Она удивлённо вскидывает брови, но не возражает. Лишь приглашающе ведёт рукой, а затем следует рядом, показывая путь, который я за последние пятнадцать лет уже неплохо изучил, четырежды присутствуя на ритуалах посвящения и инициализации юных Сэйнаров, сначала близняшек-сестёр, потом братьев. Этот зал, можно сказать, личный для нашей семьи. Здесь свершаются те обряды, которые не для посторонних глаз, личные, сокровенные.
Дверь закрывается за нашими спинами, отрезая от внешнего мира, оставляя наедине с поразительно живой статуей Праматери, взирающей на мир с ласковой улыбкой.
— Что вы хотели спросить, ваше высочество? — интересуется Ваота, слегка повернув голову и взглянув на меня через плечо.
— Как мне обратиться к Богине за помощью?
— Я так понимаю, вы имеете в виду не просто благословение?
— Оно мне, конечно, не помешает, но нет. Я хочу просить кое-что гораздо более сложное и, возможно, нарушающее законы мироздания, — признаюсь я, наблюдая за тем, как пожилая женщина хмыкает, поворачивается к статуе и смотрит в лицо Богине. Без удивления, надо признать. Я и сам скольжу взглядом по воплощающему женственность мраморному лицу. — Что мне сделать? Принести жертву?

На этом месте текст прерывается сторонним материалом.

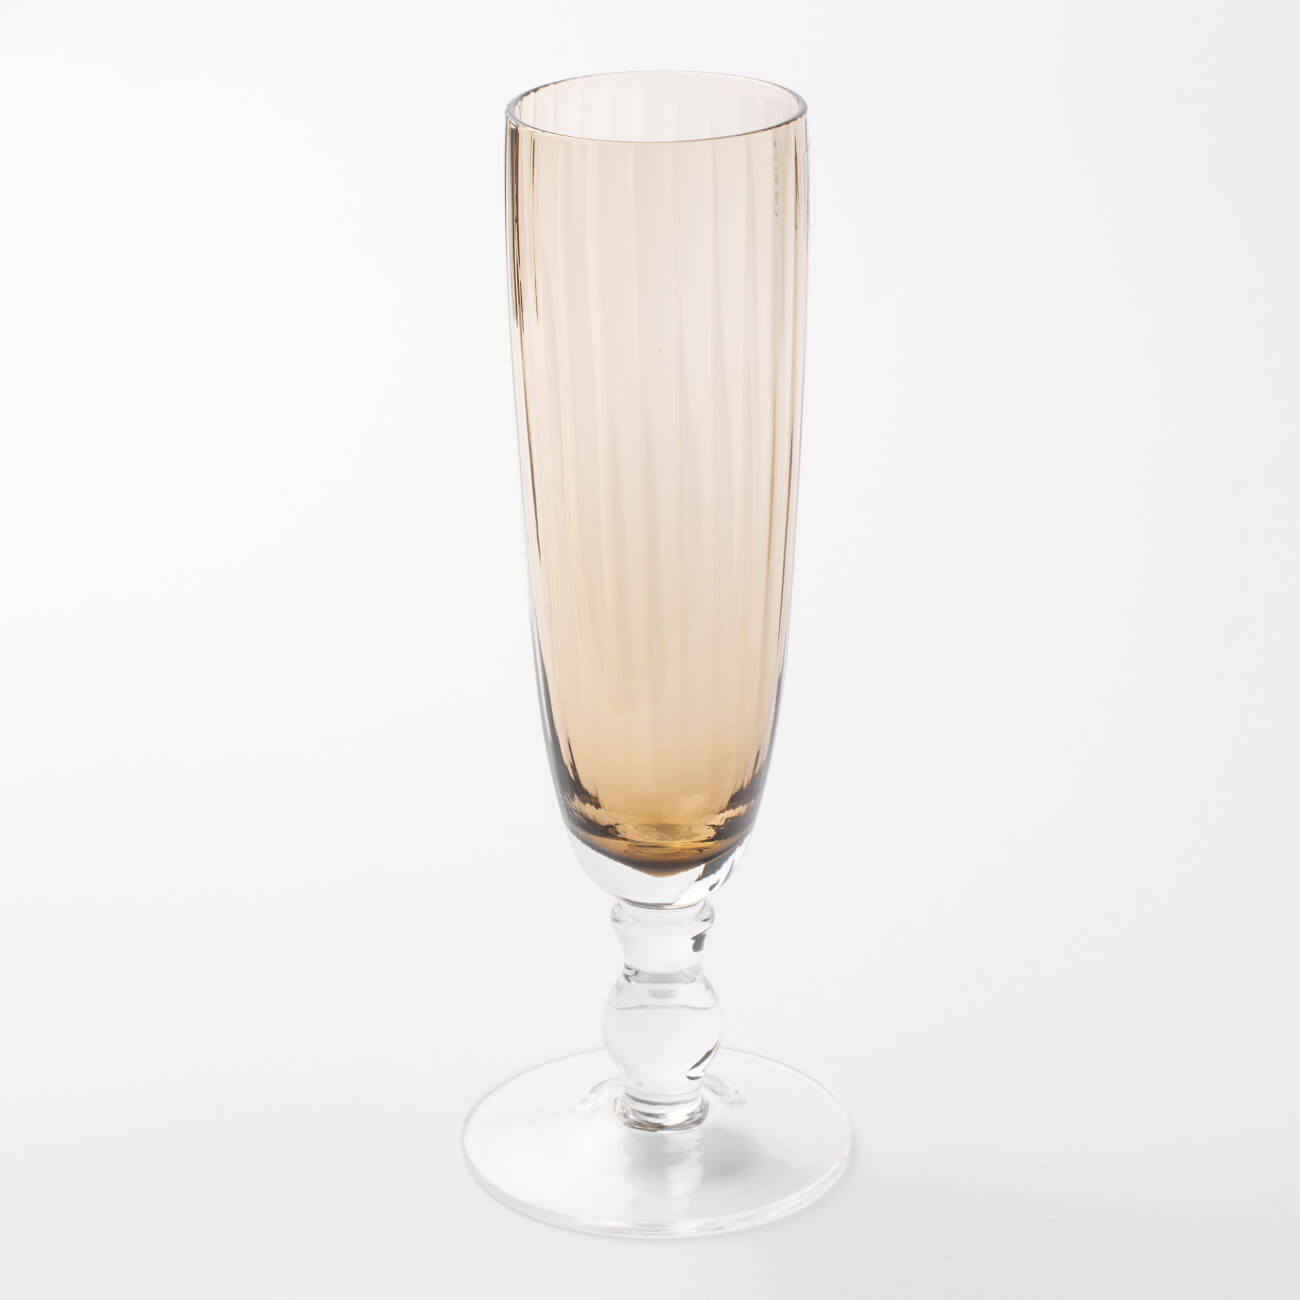 Бокал-кубок для шампанского, 210 мл, стекло, янтарный, Caserta кубок спортивный 134b золото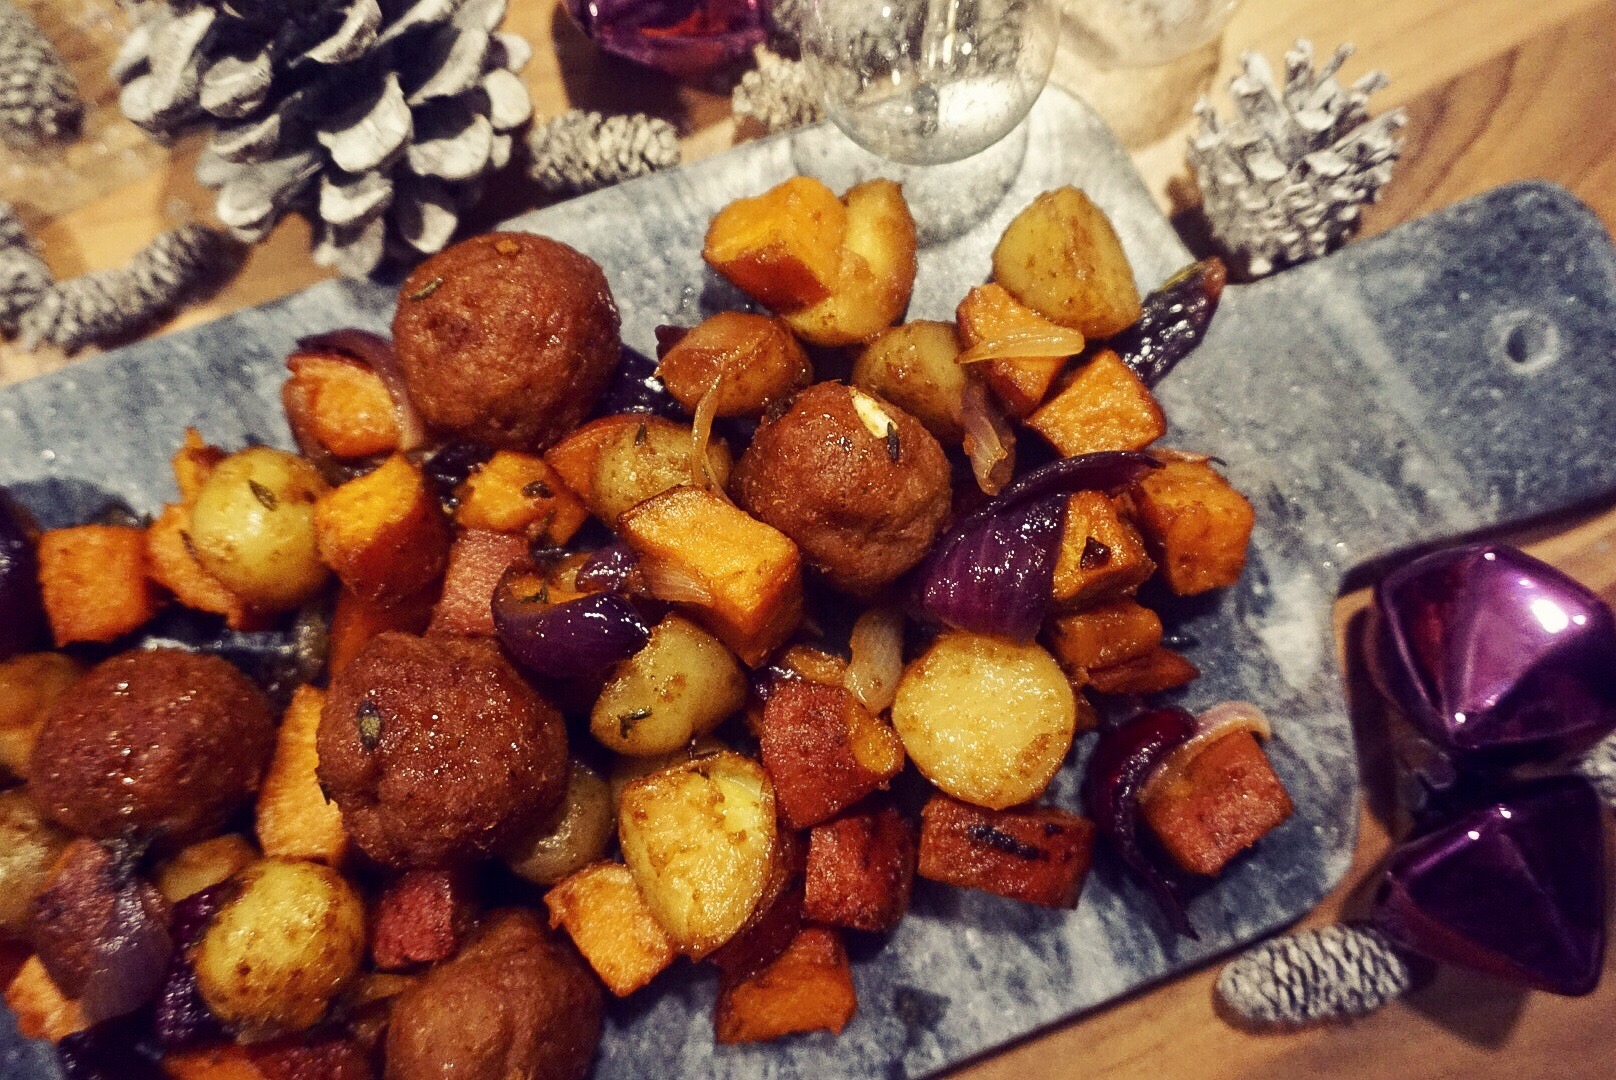 gezellige ovenschotel met krieltjes, zoete aardappel rode uit kipgehaktballetjes diner recept uit de oven gymjunkies kerstmenu 2018 stance van lieshout

— Праматери не нужны жертвы, чтобы выслушать своих детей, — поджимает губы Ваота. — А к вам, Сэйнарам, Она особо благоволит. Достаточно лишь искренне открыть своё сердце её взгляду, и попросить, отринув гордыню. А потом иметь мужество услышать ответ. Думаю, вам этого не занимать, принц Тайрэн. Вы правы, здесь лучшее место, чтобы обратиться к Ней. Пускай сила вашего рода вам поможет, — она поворачивается ко мне и склоняет голову набок. — Я полагаю, вы хотите говорить с ней прямо сейчас?
— Да.
Настоятельница кивает и направляется к алтарю, над которым Богиня держит в руках золотую чашу. До меня доносится её тихий шёпот, волос касается странное дуновение, словно вздыхает кто-то. А потом я в полном недоумении наблюдаю, как в чаше появляется похожая на вино жидкость. Ваота обеими руками берёт этот сосуд из ладоней статуи и поворачивается ко мне.
— Праматерь готова услышать. Готовы ли вы, ваше высочество, просить её милости?
— Готов, — твёрдо произношу, принимая чашу.
— Тогда пейте. Это поможет войти в транс. Я оставлю вас, чтобы не мешать.
— Благодарю, светлейшая Ваота.
Она кивает и молча обходит меня, чтобы покинуть зал. А я выпиваю в пару глотков божественного происхождения зелье, или что это такое, не позволяя себе сомнений и колебаний. Ни на что не похожая на вкус горьковато-терпкая жидкость мягко обволакивает пищевод, проваливаясь клубком тепла куда-то в район солнечного сплетения. Странное чувство покоя обволакивает, как-то незаметно забирая всё, что грызло меня в последнее время. Закрываю глаза, позволяя себе окунуться в это чувство. Тело будто исчезает, и лишь отголоском сознания я улавливаю удар коленями, на которые, кажется, опускаюсь.